First let us draw three kinds of vectors.
[1]: Let us name three vectors N, H and F. They are perpendicular each other. We put them on the face of Mobius strip. Vector N is a normal vector. Vector H and vector F are tangent vectors. Vector H is in the traverse direction and vector F is forward in the traverse direction while traveling Mobius strip. We color them in red for the first round and in green for the second.
[2]: A normal vector indicates the direction of face at a point. We move it along the blue center line from the start line hh' in counterclockwise. It turns upside down while it travels a round. And when it continuously travels one more round, it recovers itself. And two vecters are back to back at every point. Naturally we can not say which is which side. You may locate the start line hh' anywhere.
[3]: They are forwarding tangent vector F. Their course is apart from the blue center line. When red vector F made a circuit and comes back to the center line hh', it locates in the opposit side of the blue center line though its arrow direction is unchanging. The course is single but vector F never acrosses the blue center line. This vector F recovers itself at the second circuit, too.
[4]: They are traverse tangent vector H. Red vector H and Green vector H are back to back similarly to [1]. They are indicating opposte direction. Mobius strip is a loop. Doesn't it have the inside and outside distinguishably?

Look at Fig. 7.
The edge of Mobius strip is only one, and there is neither inside edge nor outside edge. However, it has the inside and outside as a loop. Let us see how the edge and the loop are related. We use Mobius strip which is not very soft.
[1]: We can certainly put our finger through the loop of Mobius strip as shown.
[2]: Turn Mobius strip while keeping the finger still. Color the edge which the finger touches in red.
[3]: Turn Mobius strip more with red coloring.
[4]: Finally we get Mobius strip with partially red colored edge. Where the finger rubbed was only this red colored edge. The red line jumps to the opposite side when Mobius strip is at [1].
[5]: It is a bird's-eye view of [4]. (It is shrunk for drawing.)
[6]: The figure is what we cut [4] at the left, and rejoined its cut-ends after untwisting. We may say that our finger was rubbing the inside of this red loop. But, in fact, the finger moved with cancelling the twist of Mobius strip. The loop of this [6] is distorted but not twisted as a whole. The black edge and the red edge are separated.
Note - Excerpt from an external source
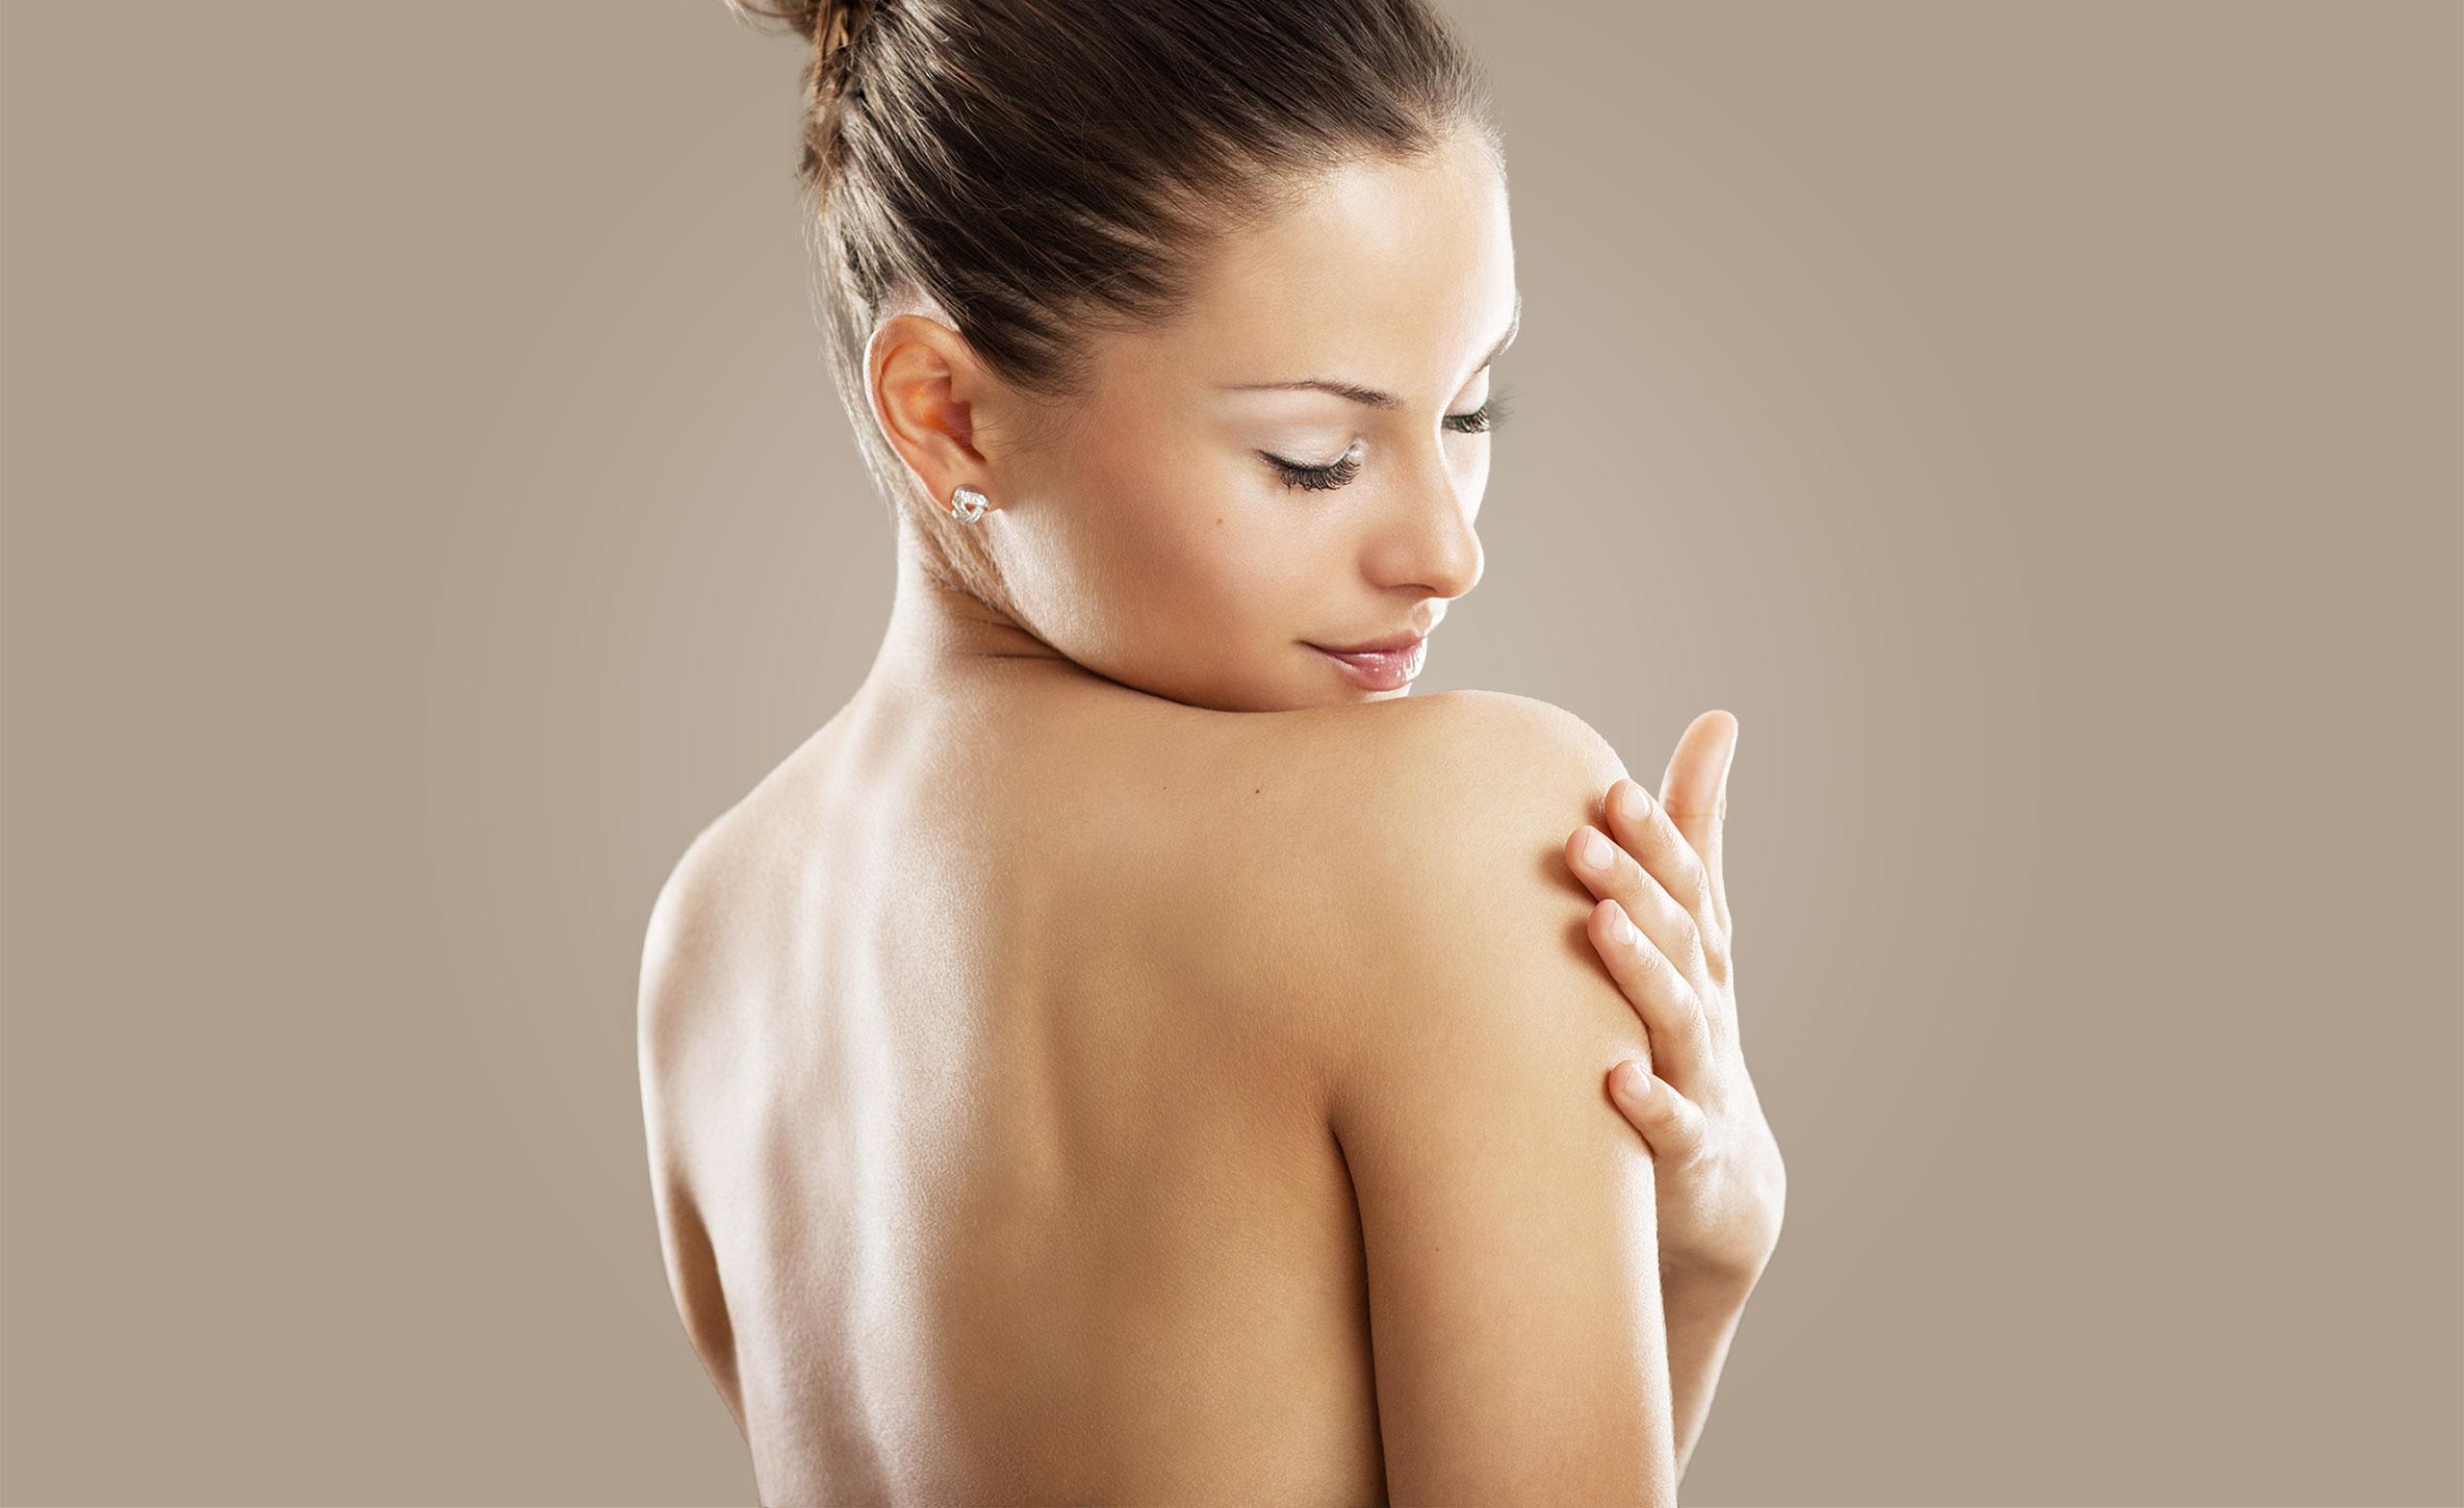 Eigenfett in der Behandlung von Narben. Effektiv?
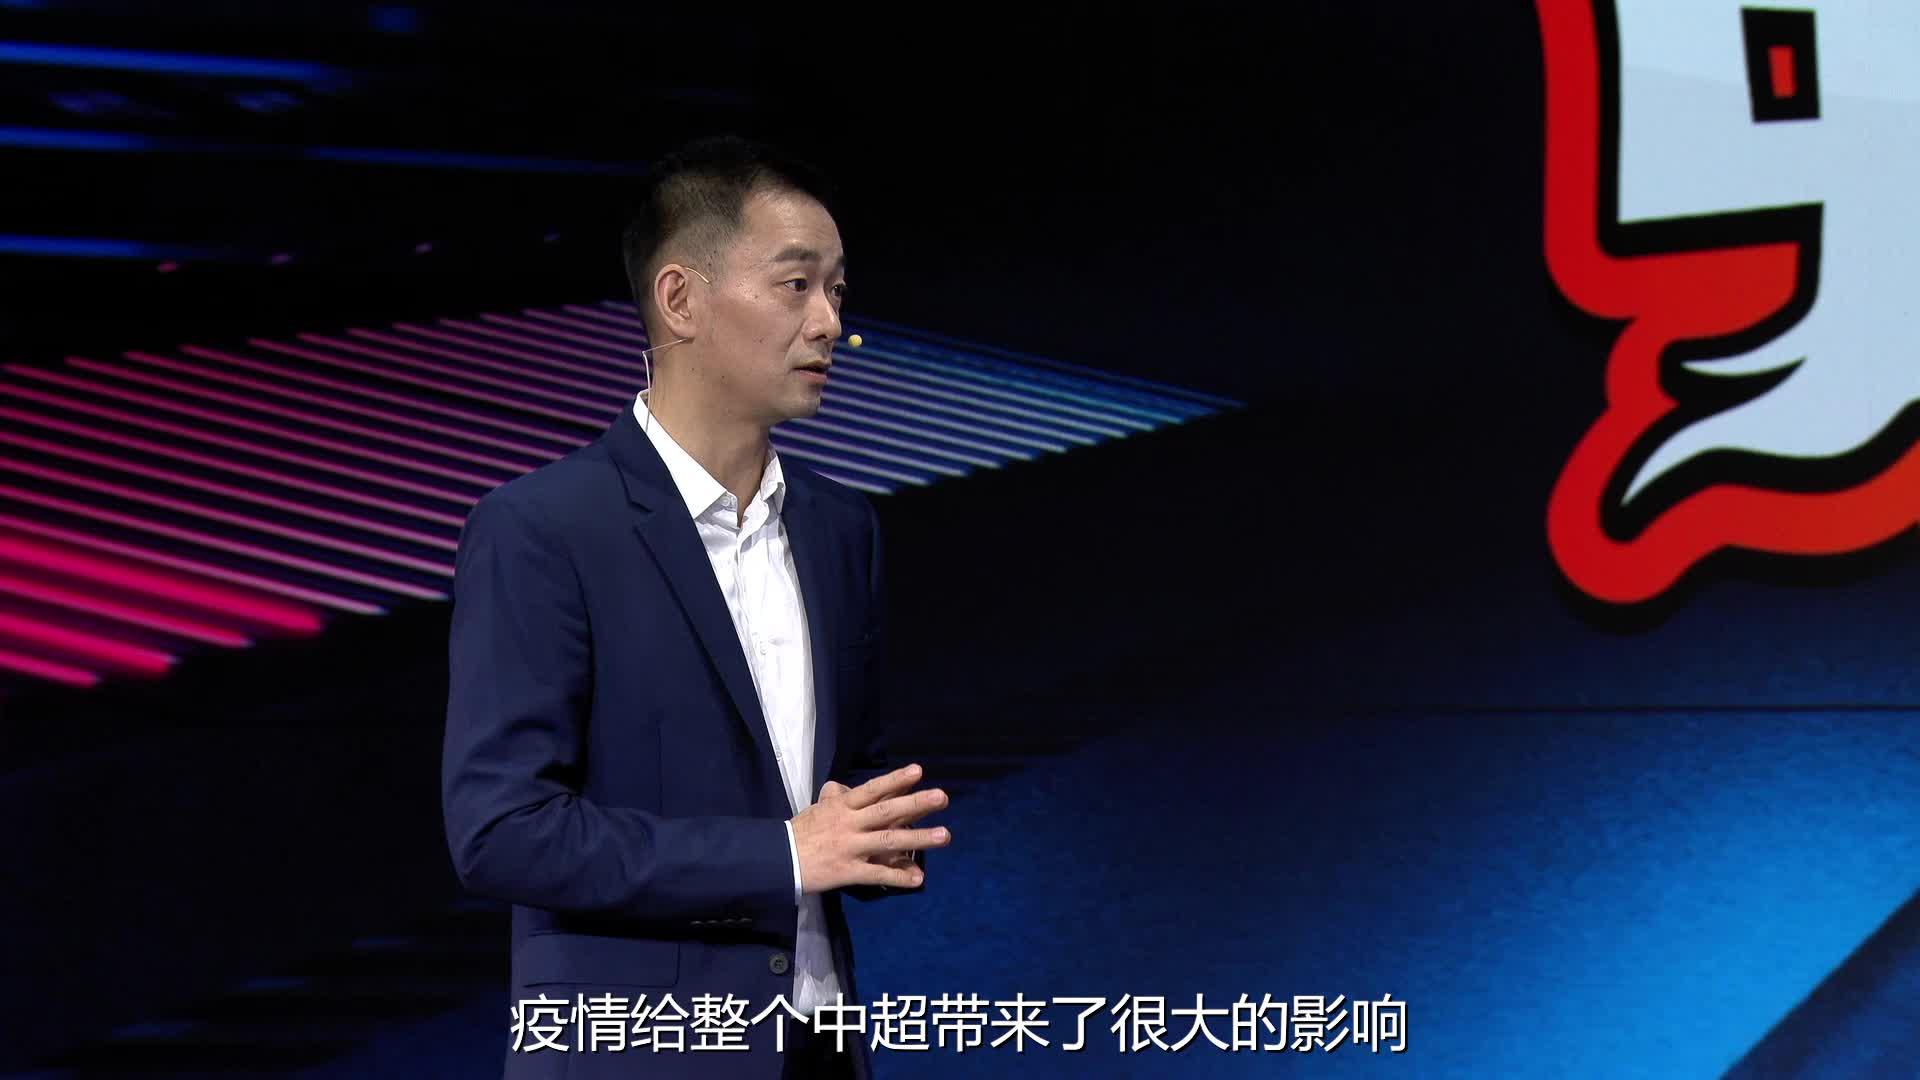 刘建宏:中超重启太不容易了!中超要有弹性 理性 人性

Well, we are confused a little by the above story. To see it cleverly, let us see soap film on Mobius strip just for a trial. What comes out?

Look at Fig. 8.
[1]: It is a photograph of soap film pitched on the wire frame of Mobius strip. The soap film intersects itsellf in Y-shape. It has the inner membrane as shown.
[2]: This Mobius strip has no inner membrane, and the upper part is curved in U-shape. The picture is copied from Membrane Structures in Web. It is beautiful, isn't it? But here we use [1] because the shape of face is simple and easy to see.
[3]: It is construced from photograph [1]. The soap film is colored in light blue and sky blue. The red loop is the line of intersection on the junction (Y-shape) of three faces.

[4]: It is the bir's-eye view of [3]. is the cross-section of aa' and is that of bb'.
[5]: Take the sky blue inner membrane off, and we get Mobius strip with a face in "<" shape. (It is drawn by computer. The real soap film will be like photo [2] by tension if we break the inner membrane.) We put our finger throgh it. The finger tuches only the red line that is a single continuous loop. In other words , we may say that the red ridgeline is an inside edge of Mobius strip. However, it is not the edge of Mobius strip itself.

Look at Fig. 9.
We can easily exchange the inside and outside edges of a ring. What is the difference between an ordinary ring and Mobius strip? There are two kinds of surfaces. One appears to our own eyes at the beginning and the other appears when we move the object. We color the former in pink and the latter in sky blue. We also color edges, the inner in red and the outer in black. As to Mobius strip, we color its edge following [4] of Fig. 7. This time, the ring and Mobius strip should somewhat be soft.
[1]: It is a disk with the red hole.
Twist the disk as shown with green arrows the red edge to outward and the black edge to inward.
Then, we get a disk with exchanged edges. Its shape and size is the same as the original. New disk is turned over, but it is no problem because we can turn it over again ordinarily.
[2]: Now, Mobius strip.
We twist Mobius strip as shown with green arrows, the red edge to outward and the black edge to inward. The way of twisting is the same as that of [1] but points we pick up for twisting are different.
is what we twisted a little. We see the tiny sky blue portion at the left. When we continue to twist, it will be like , , and in order.
is what we twisted by 180. Its edge is the exchange of that of . And the sky blue face that we could not see at the beginning is fully in our sight now. Since Mobius strip has only one edge and one face, there is no difference between and . Neithe can we say that it is turned over. Because Mobius strip has neither front nor back.
[3]: We can see any process of [2] by only turning Mobius strip without twisting. You may turn Mobius strip like or whicever. Mobius strip shows us its appearance in full of variety while turning. is one of them.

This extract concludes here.